I've been told stuff like this more than I've tried re-installing the game. I've tried reinstalling the launcher and nothing. Thanks anyway.


----------



## JackMorgz (Feb 20, 2009)

Cdx said:


> Hello JackMorgz,
> 
> In addition to Alimadari's post, I also suggest using RevoUninstaller to reinstall World of Warcraft...


I have uninstalled World of Warcraft, how to I reinstall it with RevoUninstall or is automatic etc.?


----------



## Zerdus (Sep 6, 2009)

You have to uninstall it with Revo, and then reinstall it normally.


----------



## Cdx (Jan 23, 2009)

Hello again,

Run RevoUninstaller, it will give you a list, select World of Warcraft from the list, right click World of Warcraft, and select Uninstall.

It will then uninstall the game, and also remove its folders and registry components.


----------



## JackMorgz (Feb 20, 2009)

I have tried using RevoUnistaller and unfortunetly the launcher continues to display an error.
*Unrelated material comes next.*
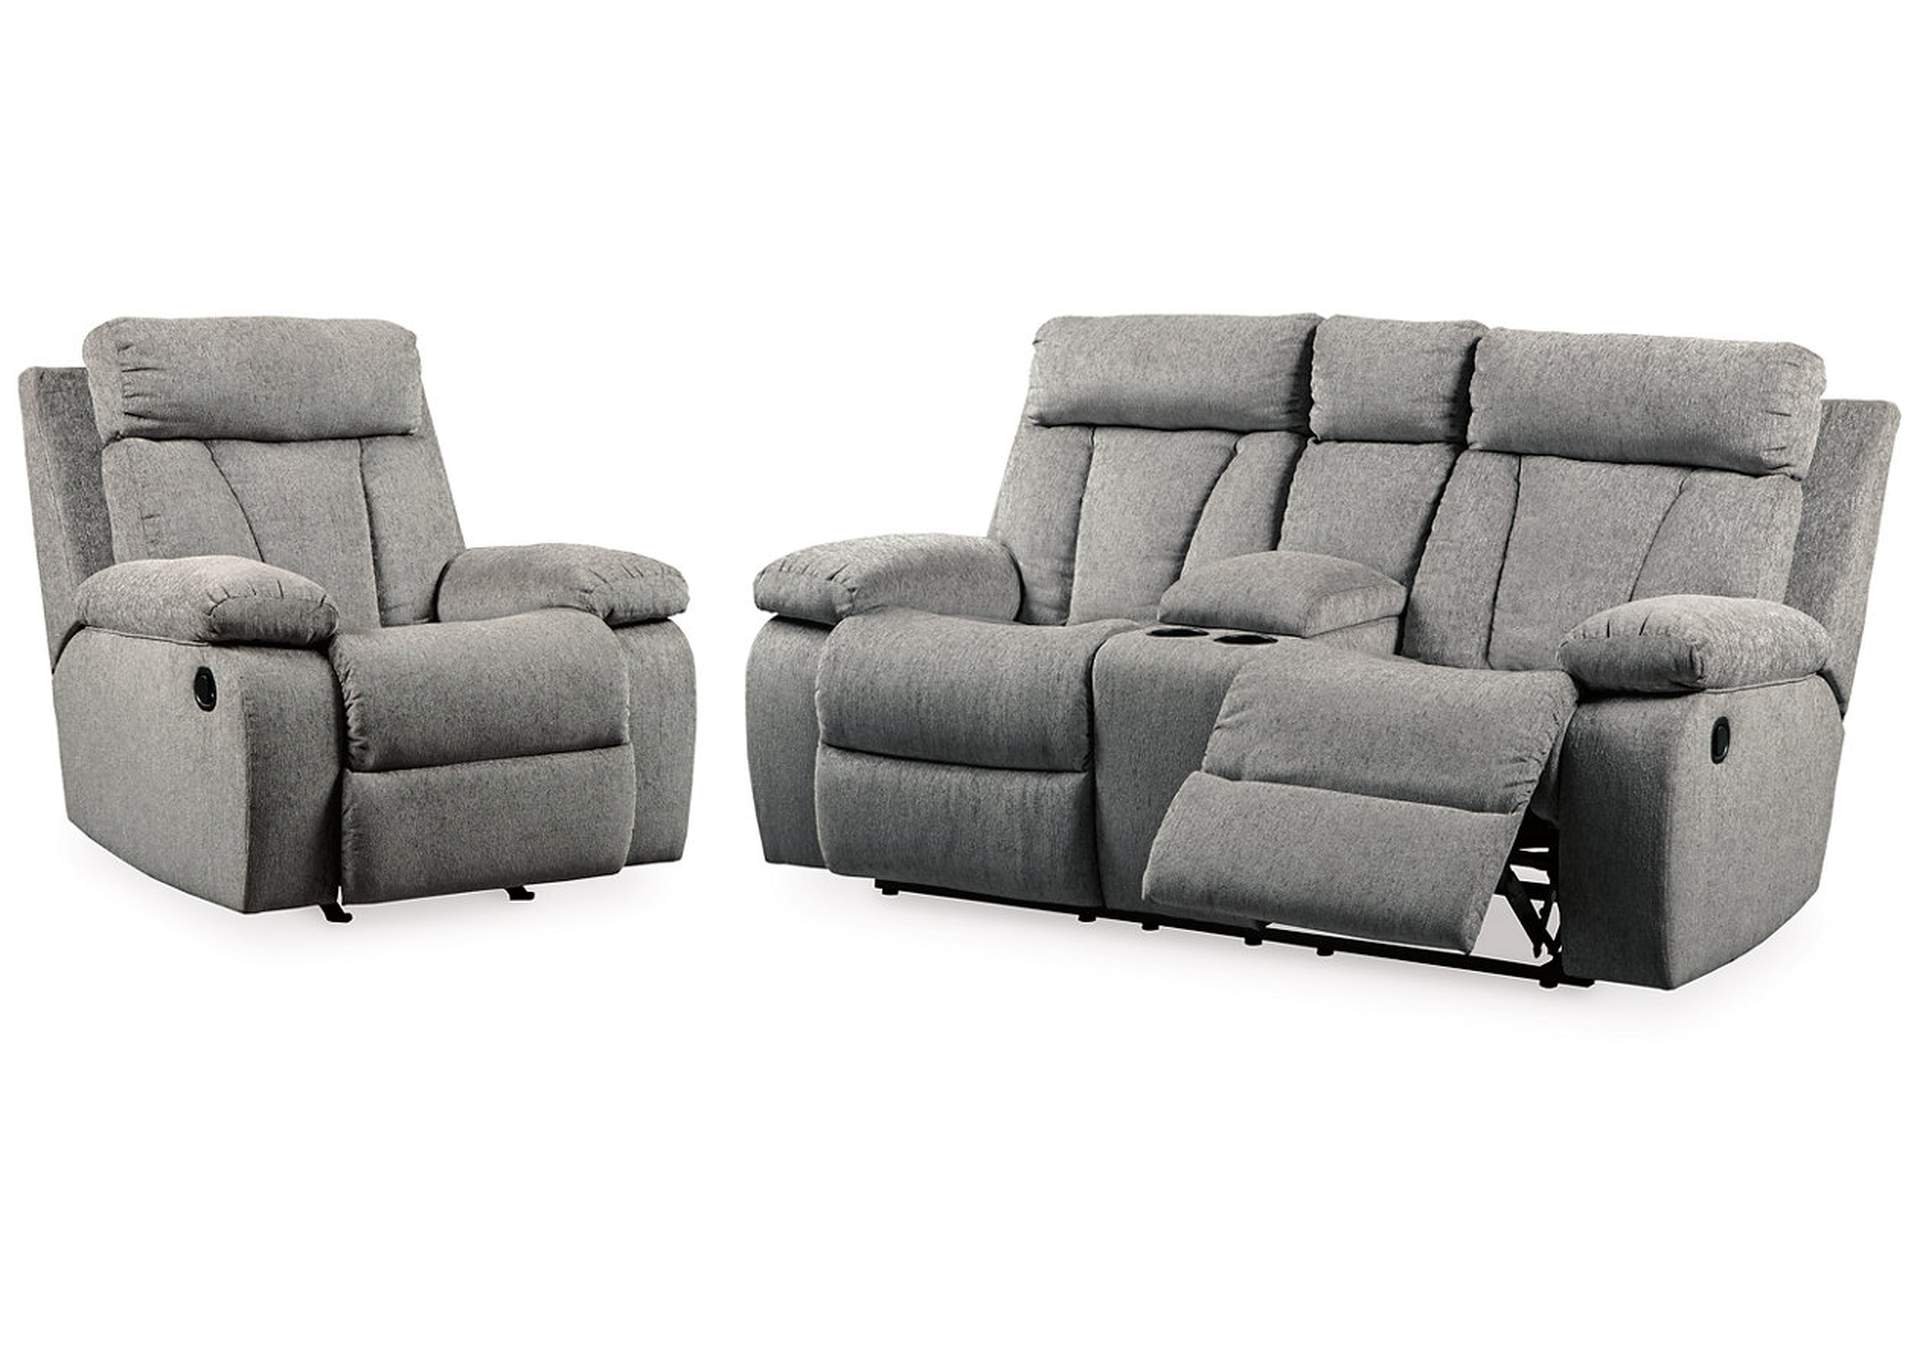 Mitchiner Reclining Loveseat and Recliner,Signature Design By Ashley
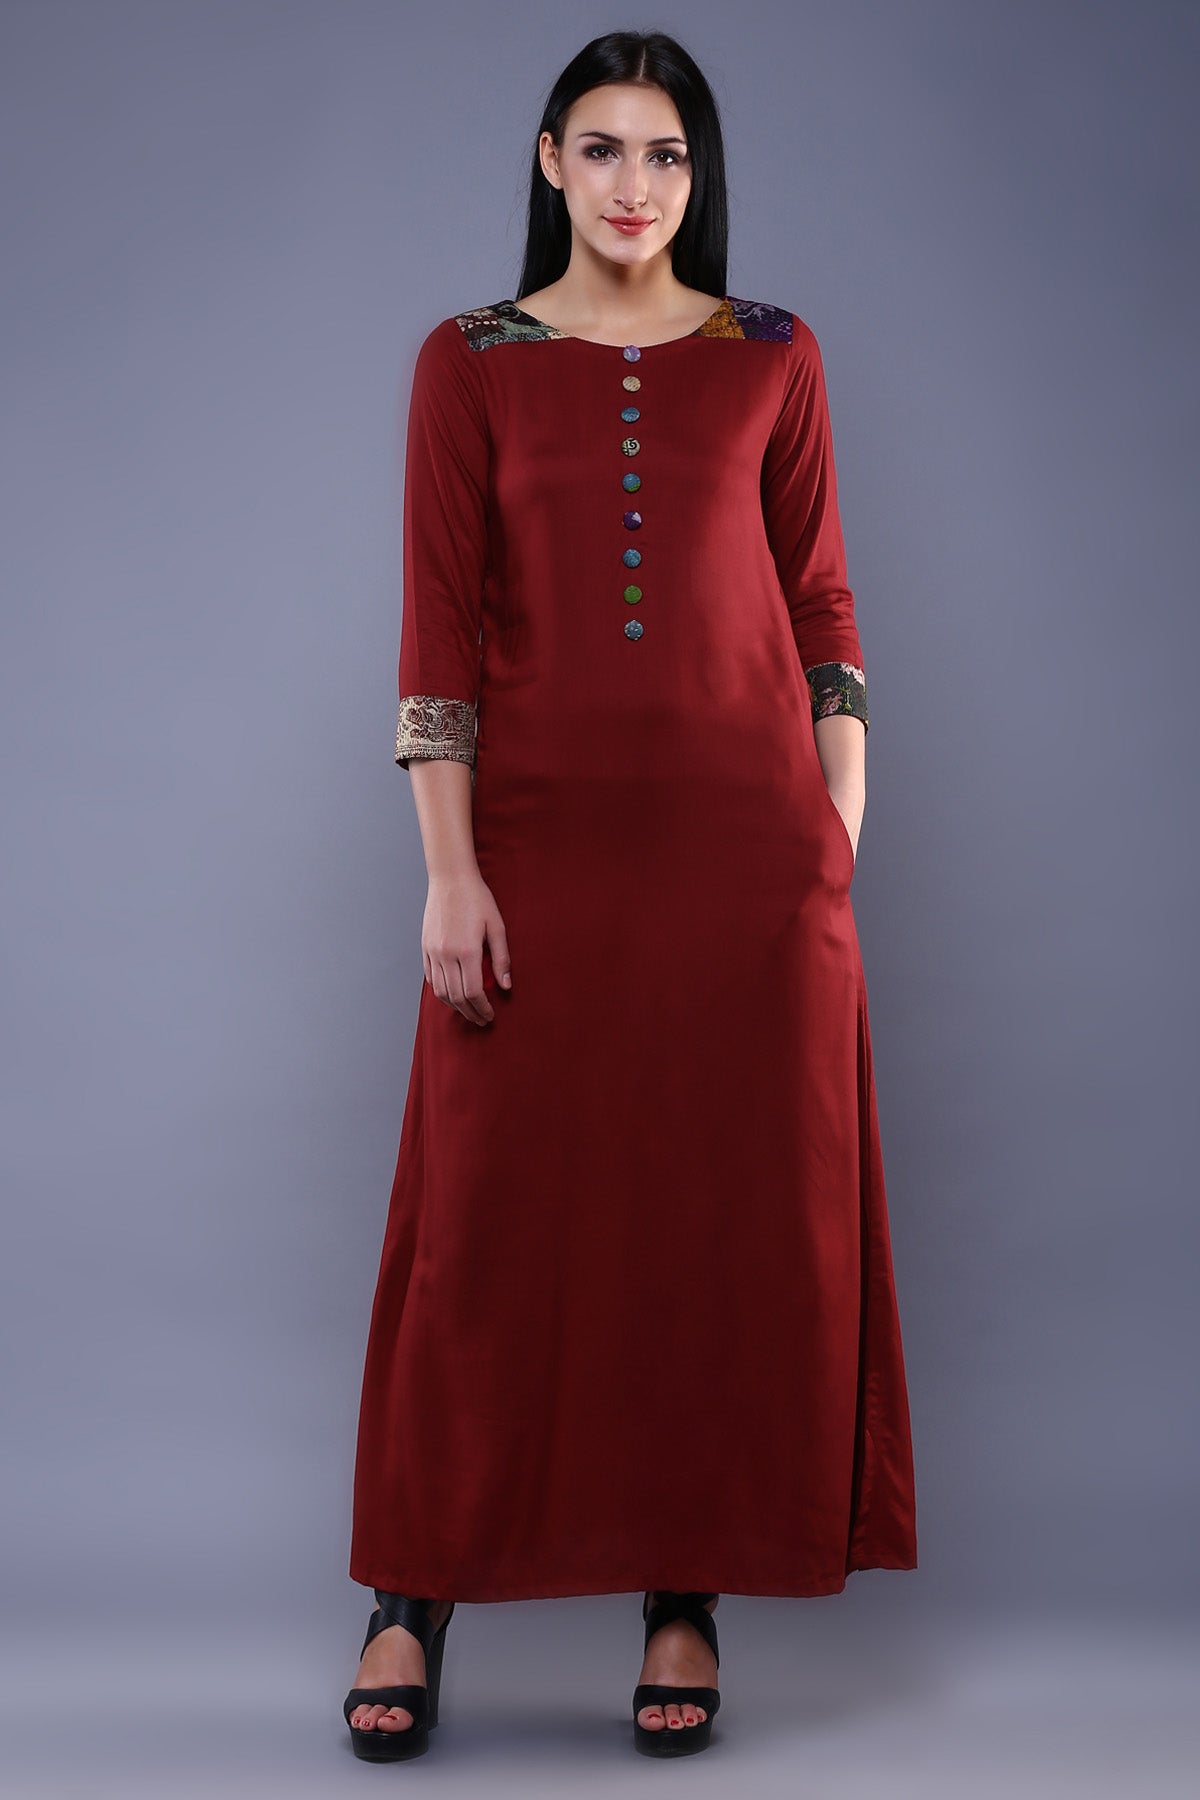 Buy Simply Kitsch Maroon Dress for Women online available at ScrollnShops

A side note: After installing the game the launcher appears (without any errors) but after it updates to this 'new launcher' I can no longer use the launcher. (I can't stop the launcher from updating to the new one).


----------



## Zerdus (Sep 6, 2009)

Have you allowed all ports related to World of Warcraft?


----------



## Cdx (Jan 23, 2009)

Hello again,

As well as what alimadari suggested, try contacting blizzard via email using this website:
http://us.blizzard.com/support/article.xml?locale=en_US&articleId=21467


----------



## McNinja (Jun 22, 2008)

Hey Jack,

What is the make and model of your router. I need this tell you what ports to forward and how to do it.


----------



## JackMorgz (Feb 20, 2009)

Okay, I have a Belkin router, I think it's the 'G+ Mimo' model. I haven't tried forwarding the ports yet, hopefully it'll work. I think I know how to enter the ports and stuff so it's optional weather you tell me how to do it. I just need to know the port numbers.


----------



## Cdx (Jan 23, 2009)

I opened 6112 for starcraft, to host games, and after that my launcher started loading, so i would try that port.


----------



## JackMorgz (Feb 20, 2009)

I've tried enabling ports and everything - but it still fails. 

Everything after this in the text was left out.